Version 12

    I've been looking over the esper docs to see the sort of syntax you need for event stream analsis and have the follow proposal.//

    http://esper.codehaus.org/evaluating/tutorial/tutorial.html

     

    First we need a schedular to say how often a rule executes. Each time the schedular kicks off it just asserts an Event object, similar to how a query works now with the QueryObject. There is also no reason why these constructs cannot be used in standard querries either to allow for manual calling.

     

    "returns the average stock price for the last 30 seconds"

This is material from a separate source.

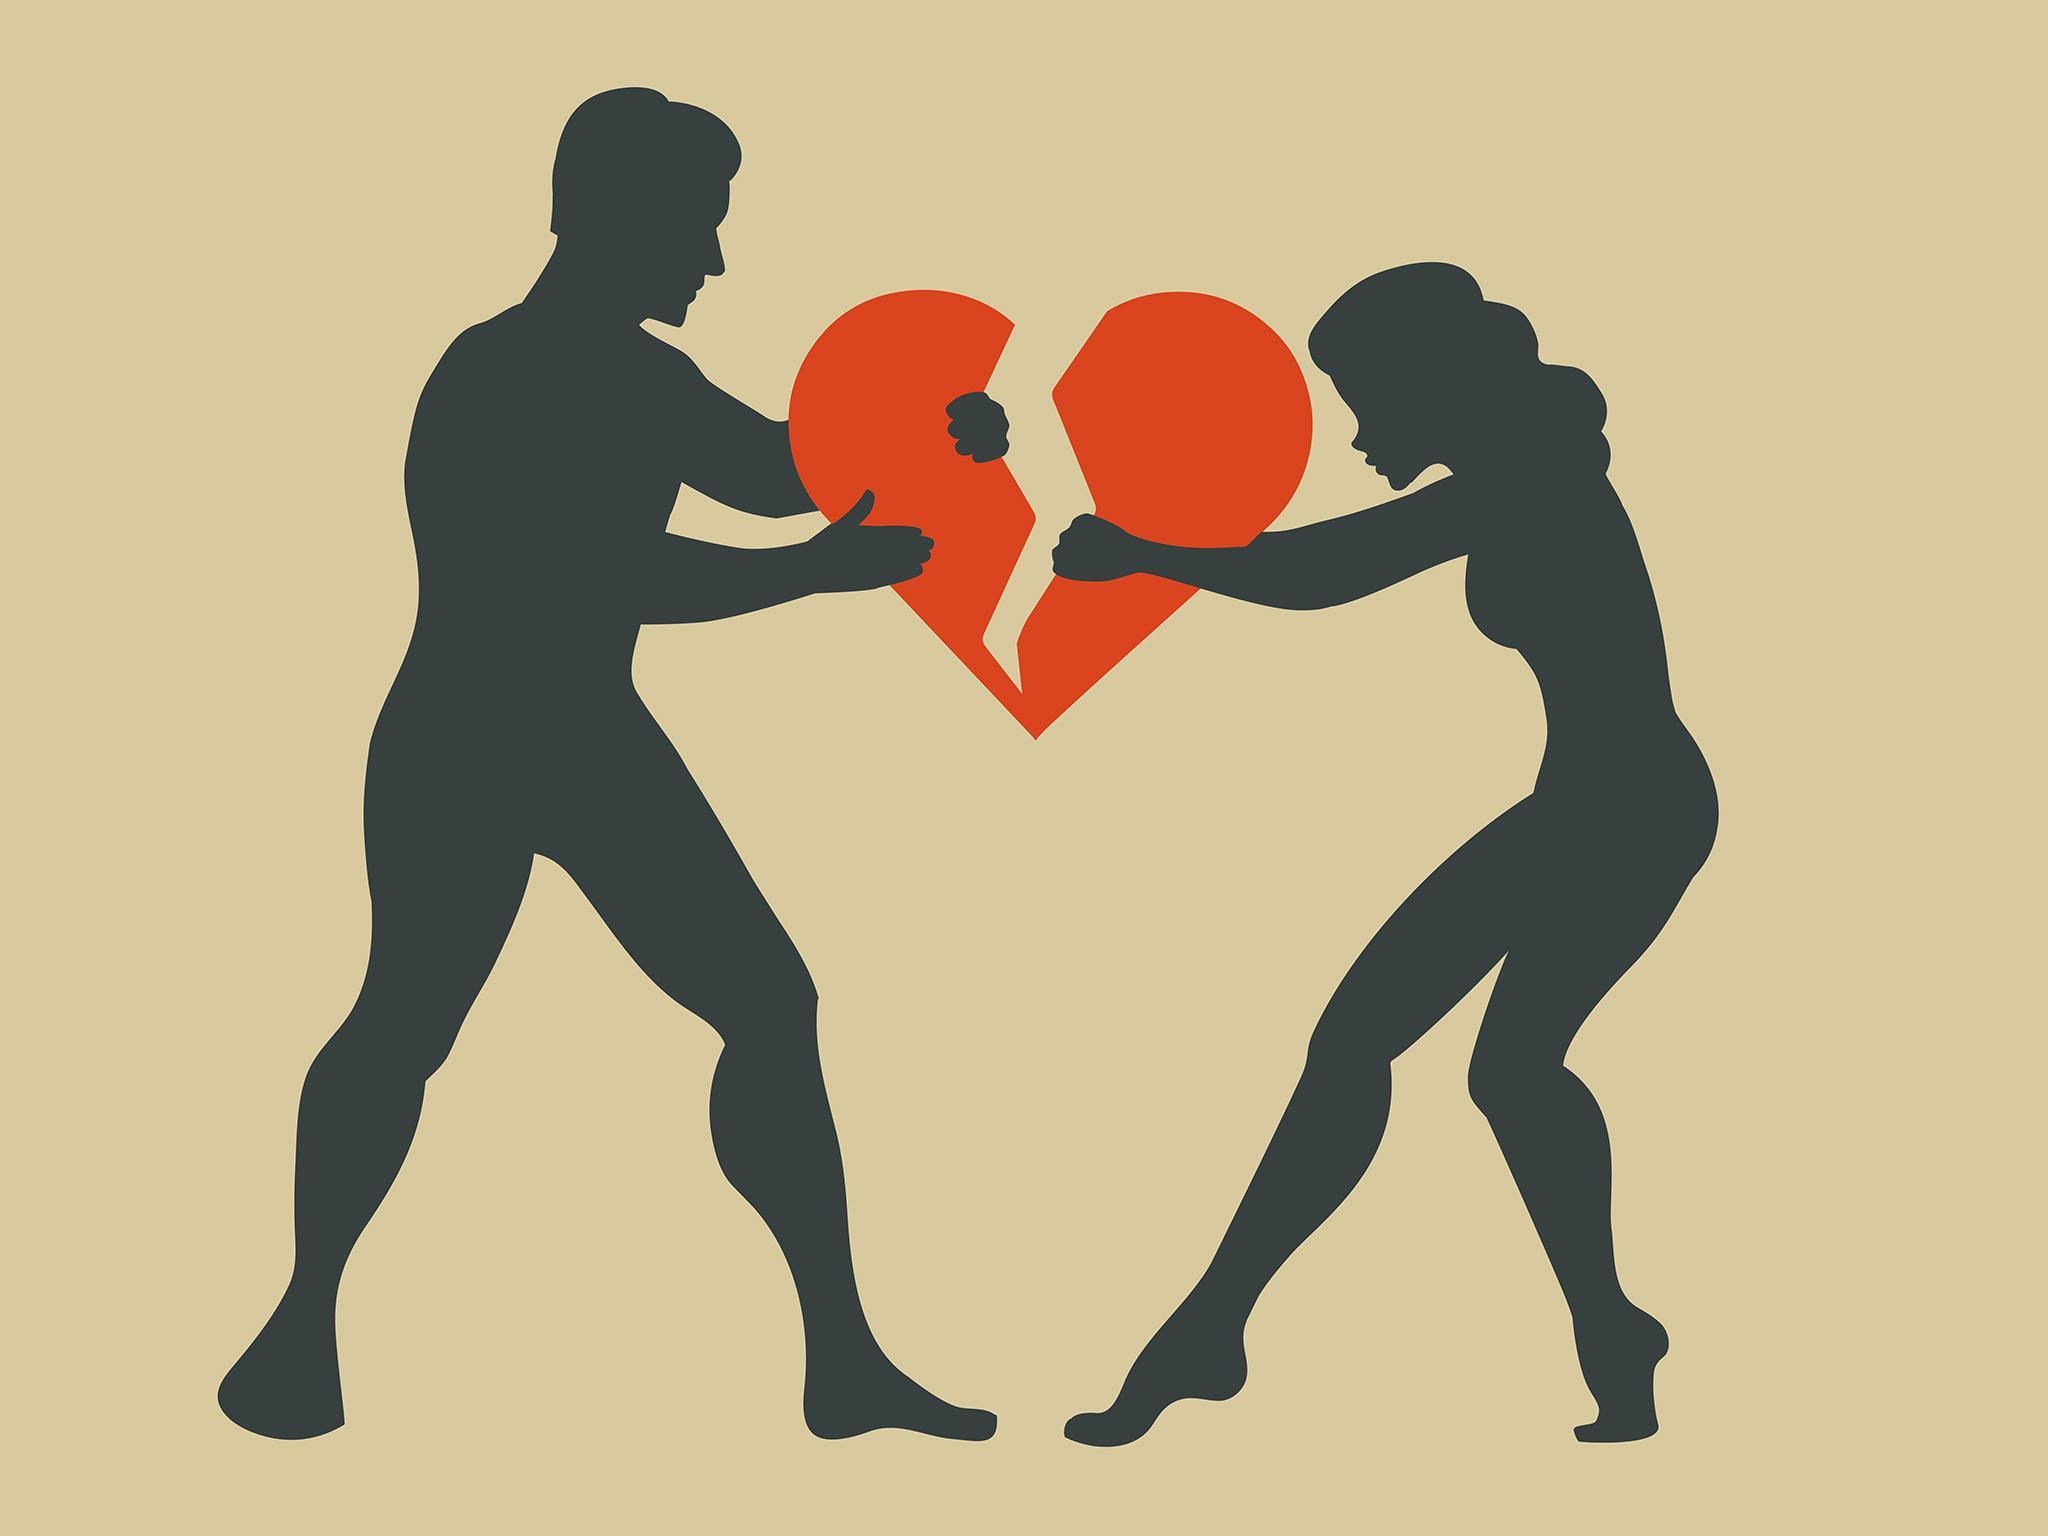 divorț/boli cardiace: femei versus bărbați
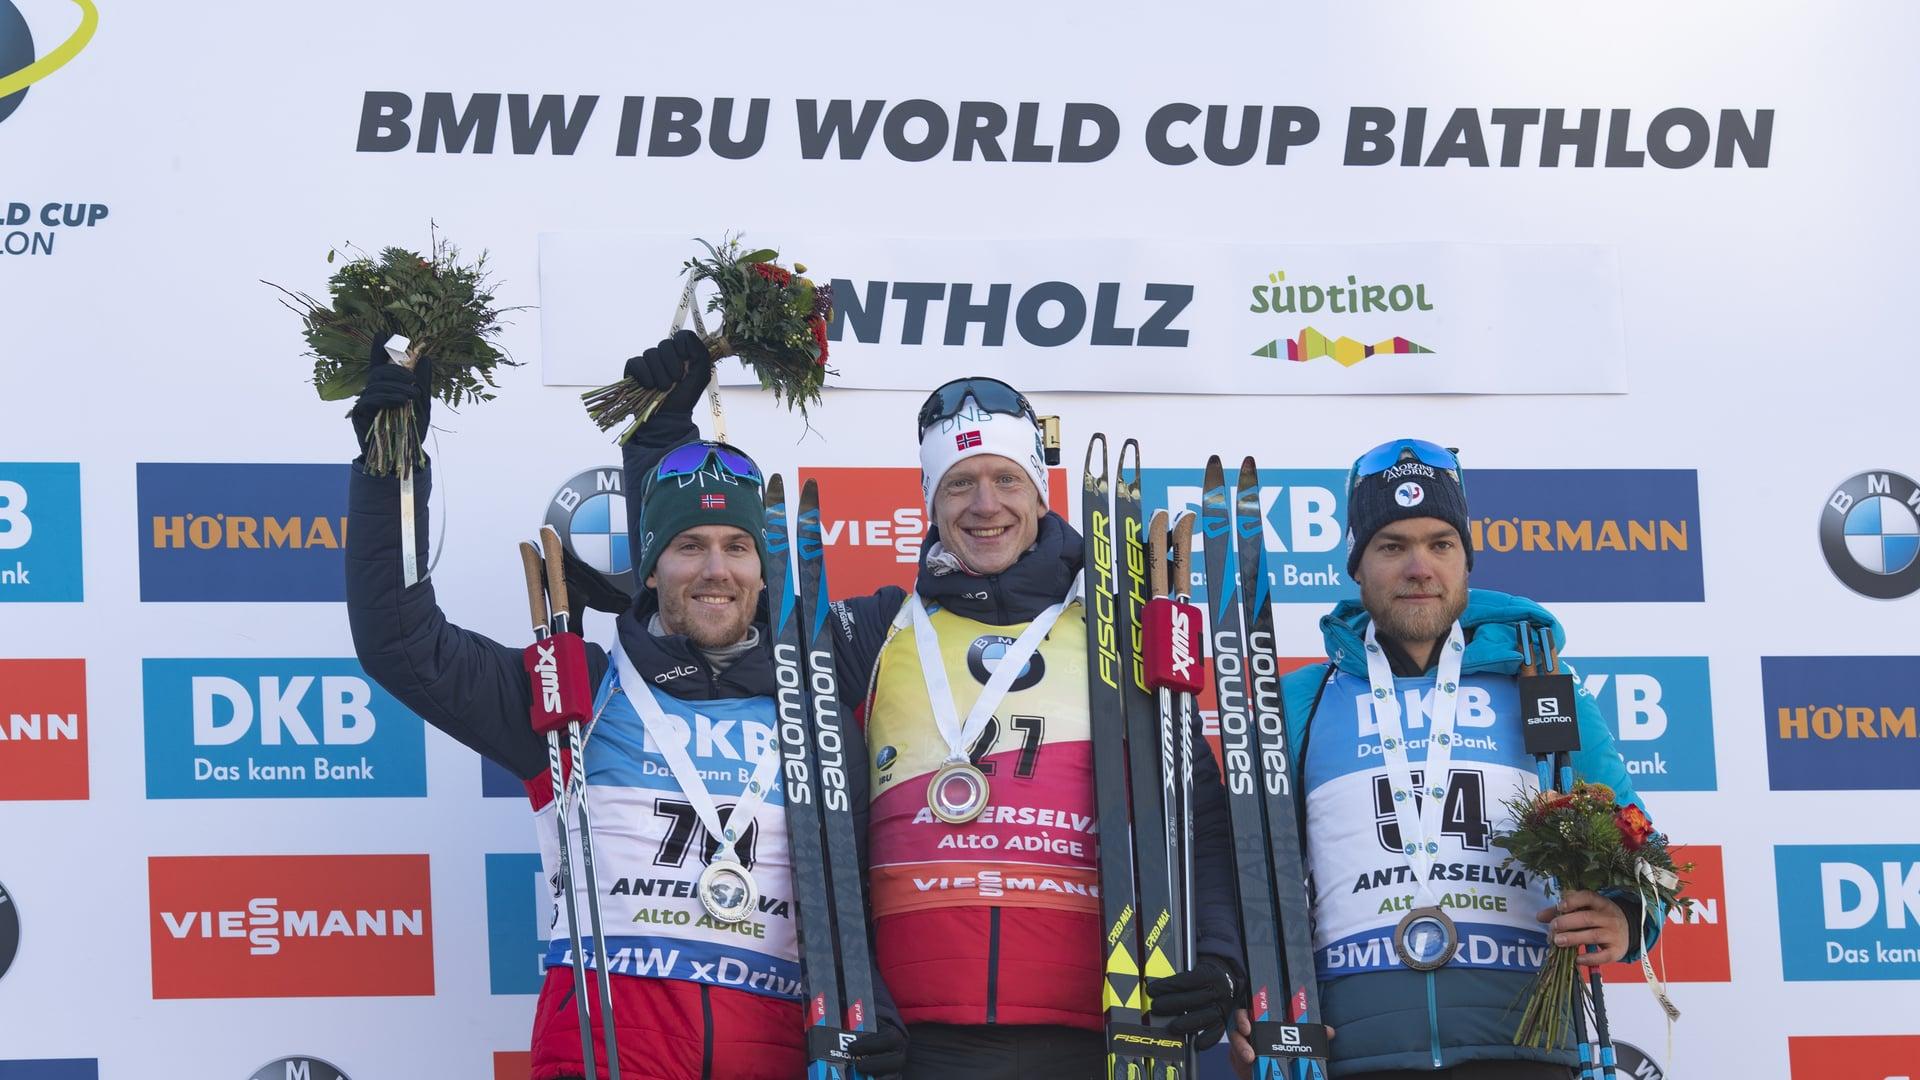 25.01.2019 - Johannes Thingnes Bø ist auch im Antholz-Sprint unschlagbar

    select avg(price) from StockTickEvent.win:time(30)
    

     

    Currently drools uses a long counter for a fact id. We could have another alternative where that long represents time, default asserts get their time from System.currentTimeMillis() or user could specify the creation time of that fact. Users can also specify the termination time, if not specified it lives forever. We can then use that information to provide for reasoning that includes time. So we can extend the current accumulate support to achieve the above as follows:

    $averagePirce : Integer() from accumulate( StockTickEvent($price).win.time(30)
    init( int total= 0; int count= 0 )
    action( total += $price )
    result( total / count) )
    

    "return the average stock price for the last 100 tickers groups by symbol"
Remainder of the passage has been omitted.